In that respect, guarantees of non-recurrence should be transformative, namely “aspire to subvert the pre-existing structural inequality that may have engendered” sexual and gender-based violence.

Establishing civilian oversight over the military, security forces and intelligence services, and ensuring adequate prior vetting of their members (or prospective members), are guarantees of non-recurrence, and should be an integral part of the Libyan transitional justice process.

To be gender-responsive, guarantees of non-recurrence should, among other things, focus on preventing the future commission of sexual and gender-based crimes by members of such forces. Libyan law Law No. 29 of 2013 on transitional justice does not list guarantees of non-recurrence as a form of reparation.

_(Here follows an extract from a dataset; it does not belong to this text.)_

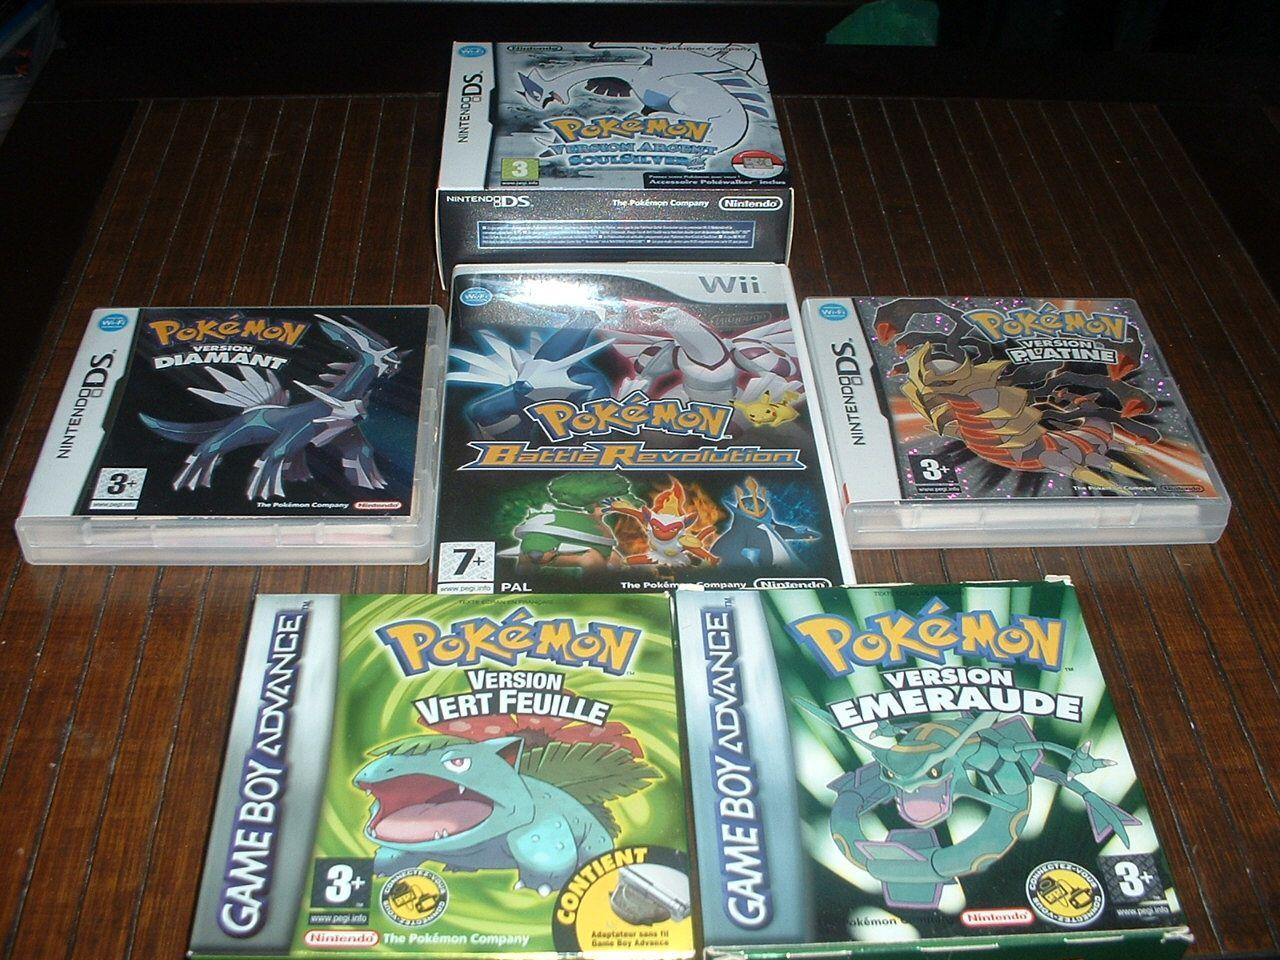 Jeux de pokemon platine - Jeux info pokemon ...

Some provisions of the Law deal with legislative and institutional reform, specifically with regard to the Law’s objectives to repeal “unjust laws that violated human rights and allowed for tyranny in the country” and “reformation of state institutions.”

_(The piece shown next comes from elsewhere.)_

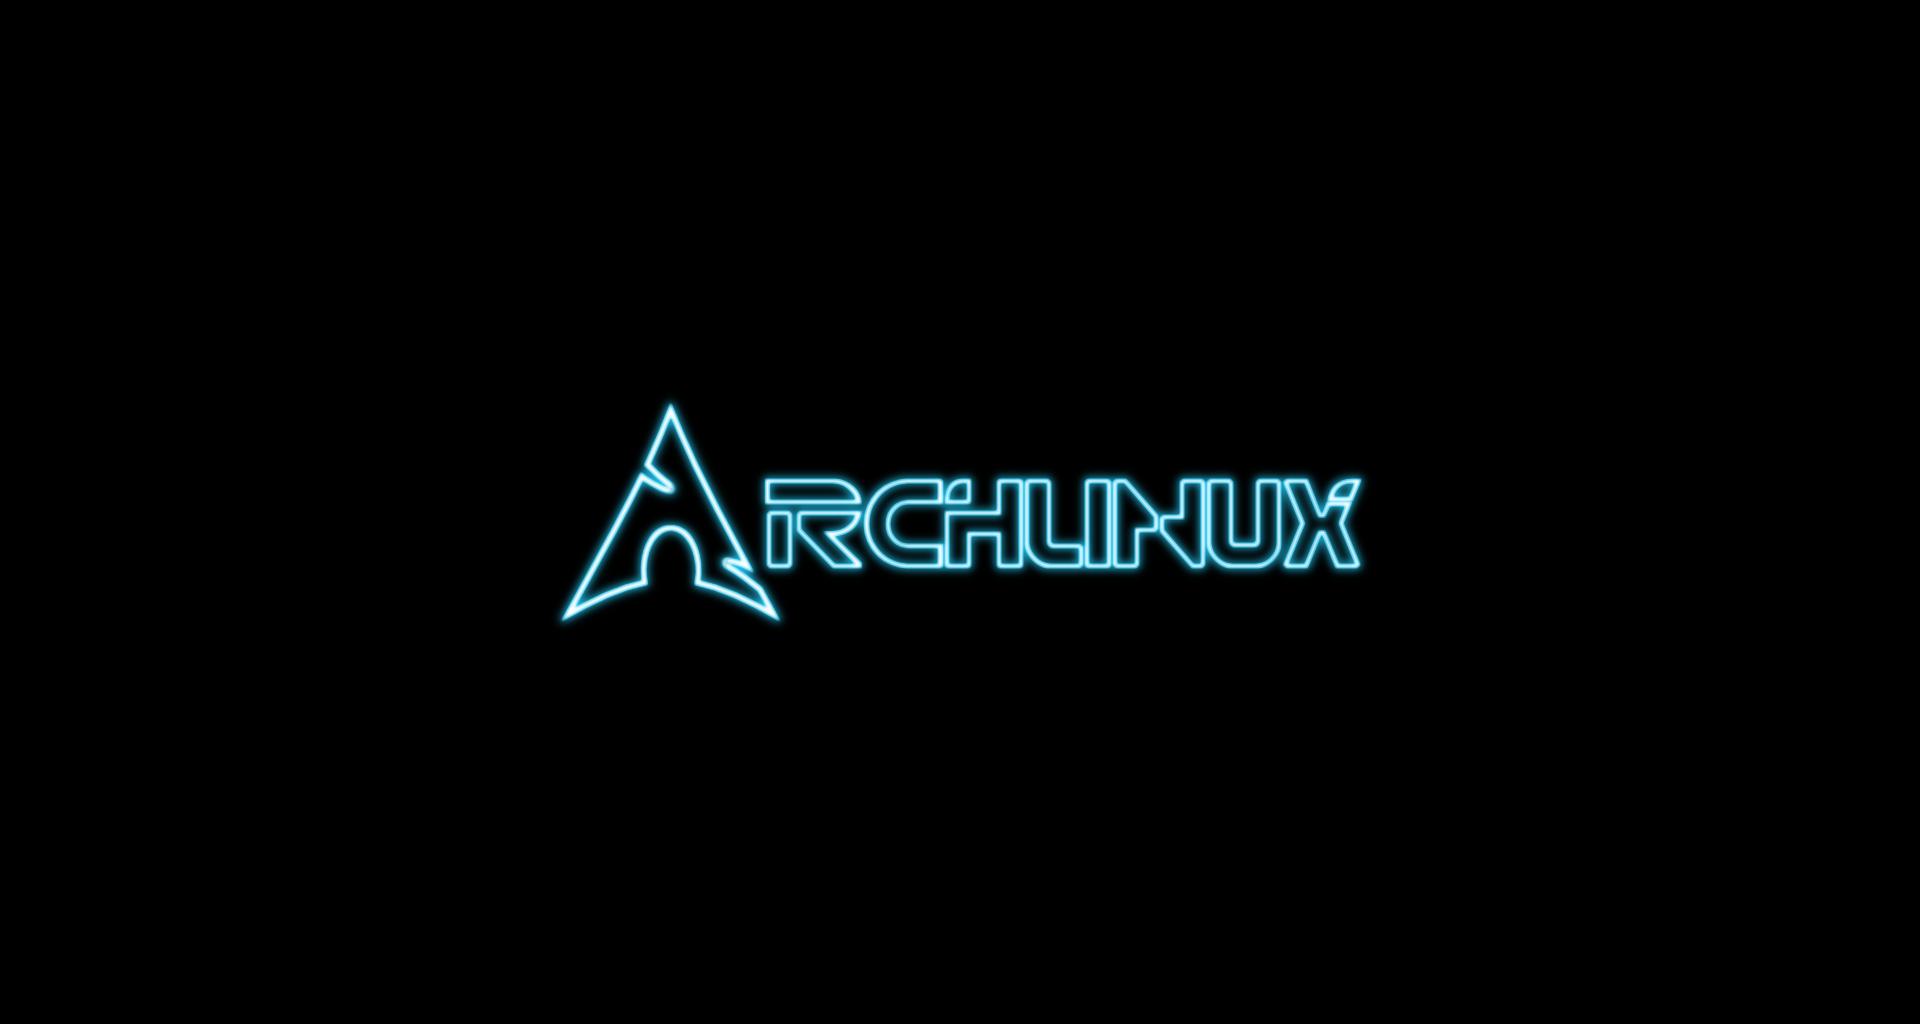 Pin Arch Linux Wallpaper 1680x1050 1920x1024

Moreover, the Fact-Finding and Reconciliation Commission is tasked, among other things, to “… review legislation related to the issue of transitional justice”, and “work to repeal unjust laws and restore proper legal life, in accordance with the constitution and with Sharia law.

While Law No. 29 of 2013 makes reference to “reformation of state institutions”, this is insufficient to specifically address the question of establishing civilian oversight and adequate prior vetting (as described above in section 3), including exclusion from service of members of the military, security forces and intelligence services, who are allegedly responsible for crimes under international law, including sexual and gender-based crimes.

Recommendations

In light of the above, the ICJ recommends to the Libyan authorities to:

  • Amend Law No. 29 of 2013 to ensure that guarantees of non-recurrence form part of the reparation measures under the Law, including by establishing civilian oversight over the military, security forces and intelligence services, and by ensuring adequate prior vetting of their members;
  • Ensure that guarantees of non-recurrence, including civilian oversight and prior vetting, be designed and implemented in a gender-sensitive manner.